• EXERCISE INPUT:
******************************

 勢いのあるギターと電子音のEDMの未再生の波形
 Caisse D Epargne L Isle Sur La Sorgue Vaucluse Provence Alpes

******************************

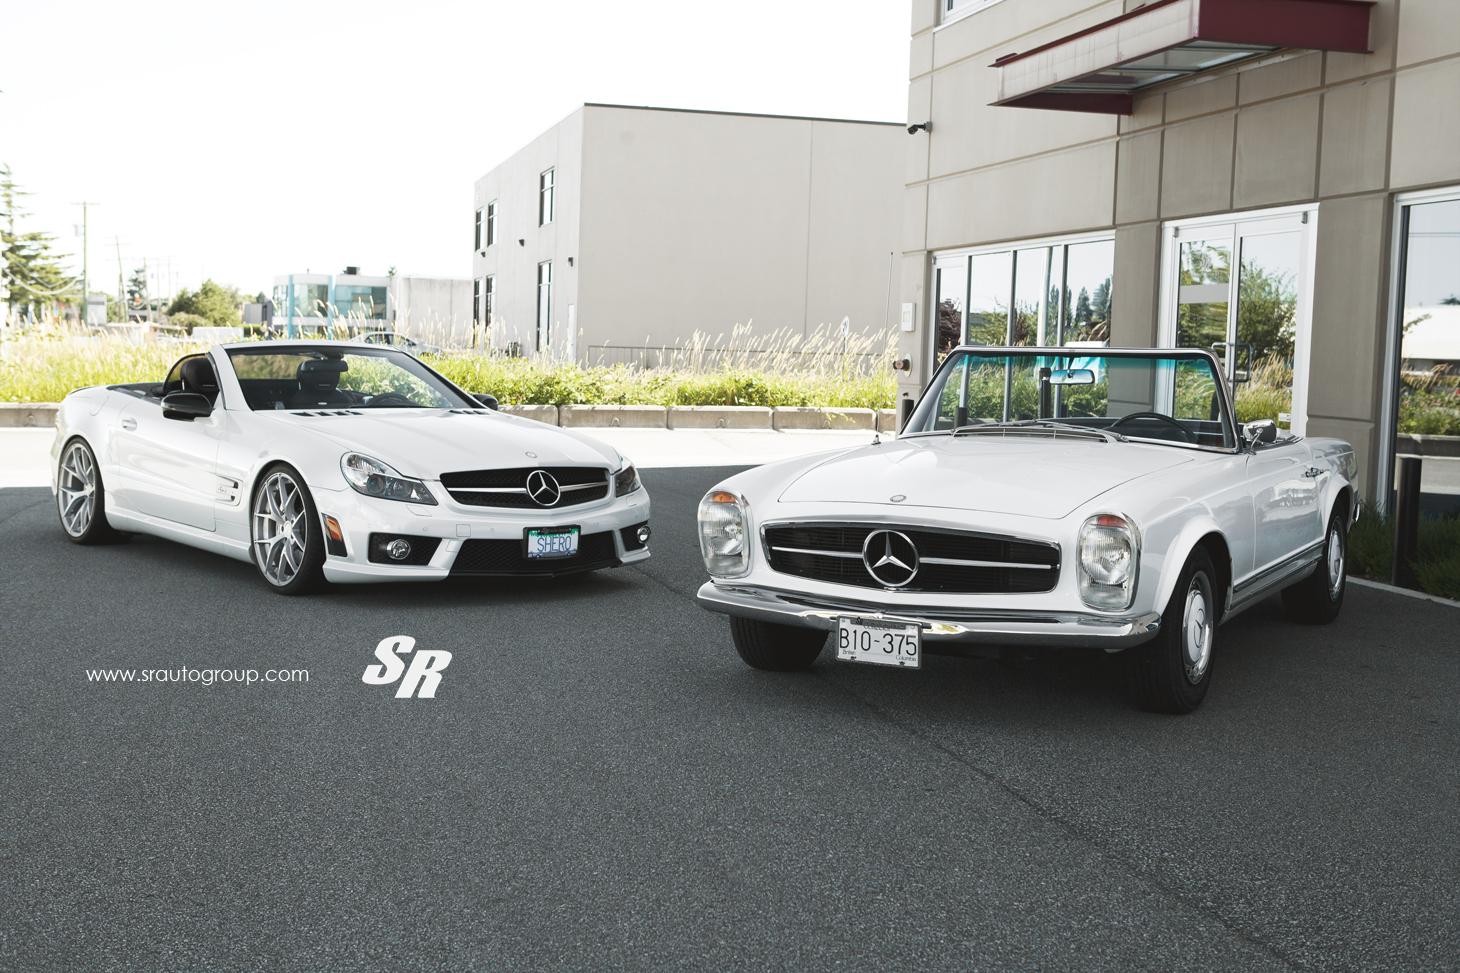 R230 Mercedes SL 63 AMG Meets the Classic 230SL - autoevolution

******************************

• ABOUT THIS EXERCISE:
One stretch of the lines above is wanted, from the line that contains "勢いのあるギターと電子音のEDMの未再生の波形" through the line that contains "Caisse D Epargne". Output it exactly.

• EXERCISE OUTPUT:
 勢いのあるギターと電子音のEDMの未再生の波形
 Caisse D Epargne L Isle Sur La Sorgue Vaucluse Provence Alpes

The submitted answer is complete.